From: Norman Geist (norman.geist_at_uni-greifswald.de)
Date: Tue Dec 03 2013 - 08:47:54 CST

Your switch is too slow in switching. Try something like the netgear gs748t, not that expensive and “ok” scaling. You can temporarily improve the situation by trying the tcp congestion control algorithm “highspeed”. Set it via sysconfig on all the nodes.

 

Additionally, are these 16 cores per node physical or logical (HT). If it is HT, leave them out, no speed gain, only more network load.

 

Norman Geist.

 

Von: owner-namd-l_at_ks.uiuc.edu [mailto:owner-namd-l_at_ks.uiuc.edu] Im Auftrag von ???
Gesendet: Dienstag, 3. Dezember 2013 14:43
An: namd-l_at_ks.uiuc.edu
Betreff: namd-l: 50% system CPU usage when parallel running NAMD on Rocks cluster

 

Dear all,

¡¡¡¡I’m tuning NAMD performance on a 7 compute node Rocks cluster. The problems is when running NAMD (100,000 atoms) with 32 cores (on 2 nodes) the system CPU usage is about 50%. Increasing cores (48 cores, on 3 nodes) will increase system CPU usage and decrease speed.

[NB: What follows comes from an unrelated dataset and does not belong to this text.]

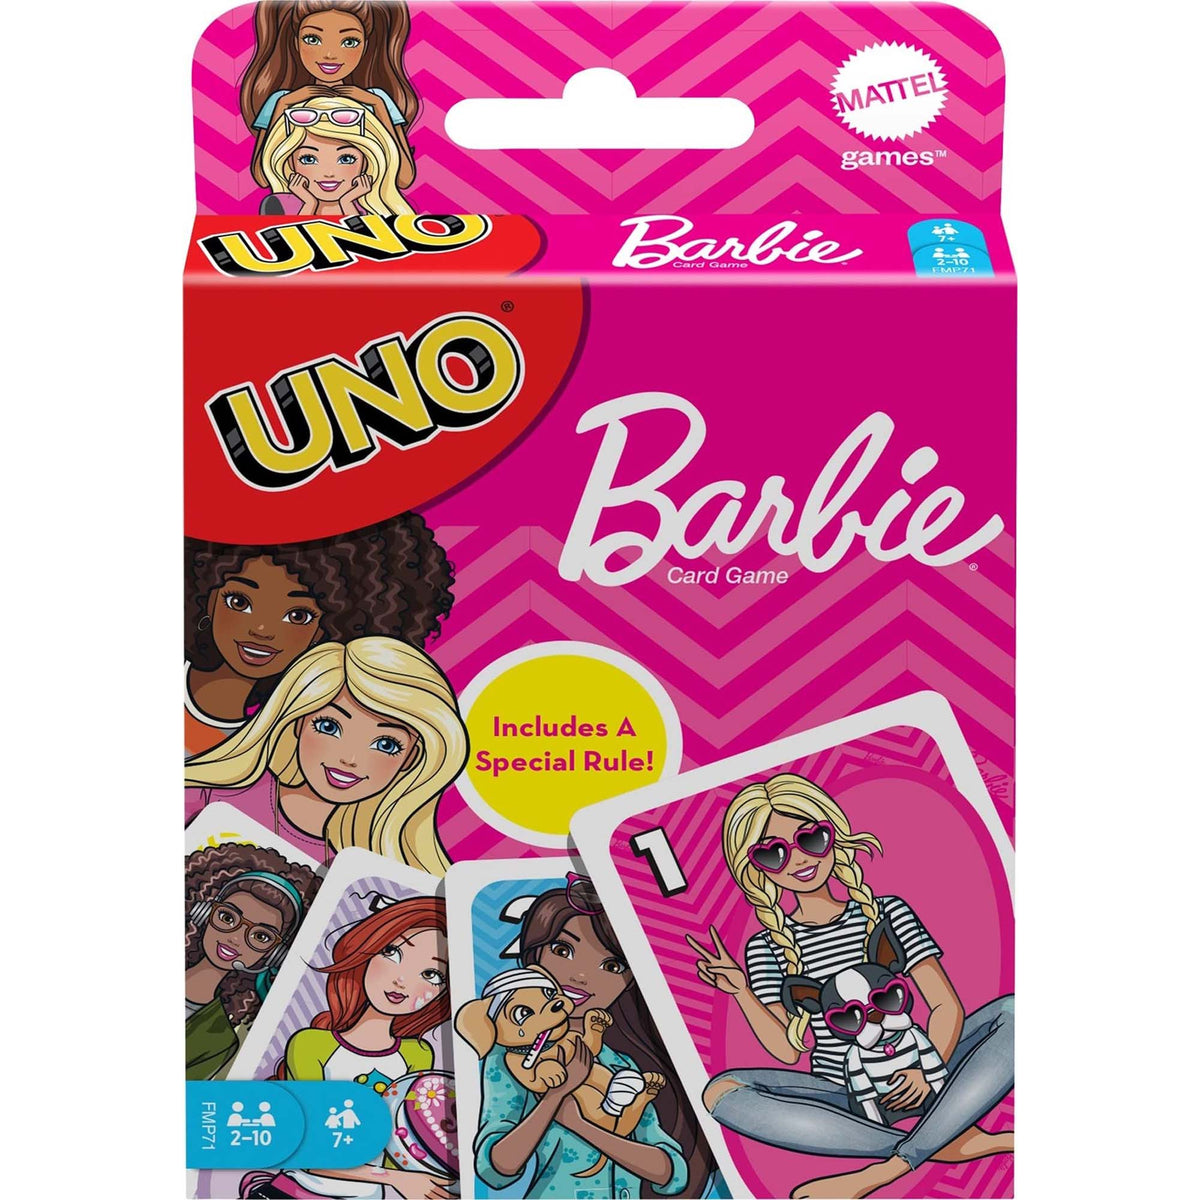 JOUET K.I.D. INC. Toys & Games Uno Card Game Barbie Movie Edition, 1 Count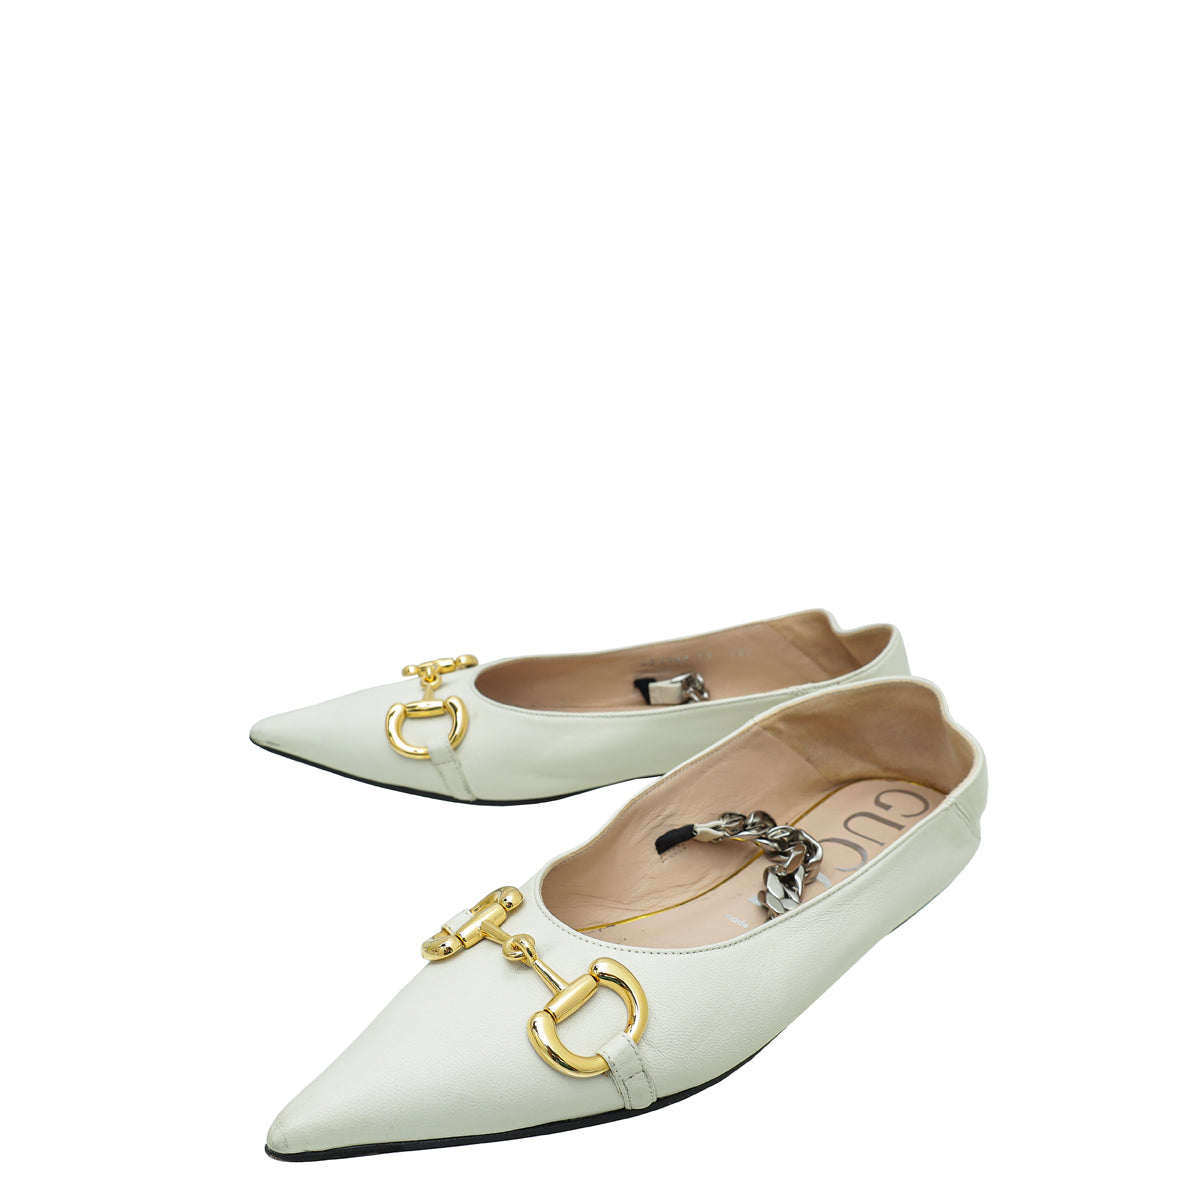 Gucci White Horsebit and Chain Accent Leather Flats 39

The detail information of one compute node shows below:

CPU: 2 * Inter Xeon E5-2670 (8Cores/ 2.6GHz)

Mem: 64G (1600)

HardDrive: 300G (15000)

Network card: Intel Gigabit Ethernet Network Connection

Switch: 3Com Switch 2824 3C16479 (24-port unmanaged gigabit)(a pretty old switch :| )

 

¡¡¡¡Compiling & running :

Charm-6.4.0 was build with “./build charm++ mpi-linux-x86_64 mpicxx -j16 --with-production” options. Some error was ignored when compiling it. For example:

“Fatal Error by charmc in directory /apps/apps/namd/2.9/charm-6.4.0/mpi-linux-x86_64-mpicxx/tmp

   Command mpif90 -auto -fPIC -I../bin/../include -O -c pup_f.f90 -o pup_f.o returned error code 1

charmc exiting...”.

NAMD was compiled with Linux-86_64-g++ option. Some warning was showed when compiling NAMD.

Openmpi (from HPC roll of Rocks) was used to run namd. The command is:

”mpirun -np {number of cores} -machinefile hosts /apps/apps/namd/2.9/Linux-x86_64-g++/namd2 {configuration file} > {output file}”

SGE(Sun Grid Engine) was also used. The job submitting command is:

“qsub –pe orte {number of cores} {job submitting script}”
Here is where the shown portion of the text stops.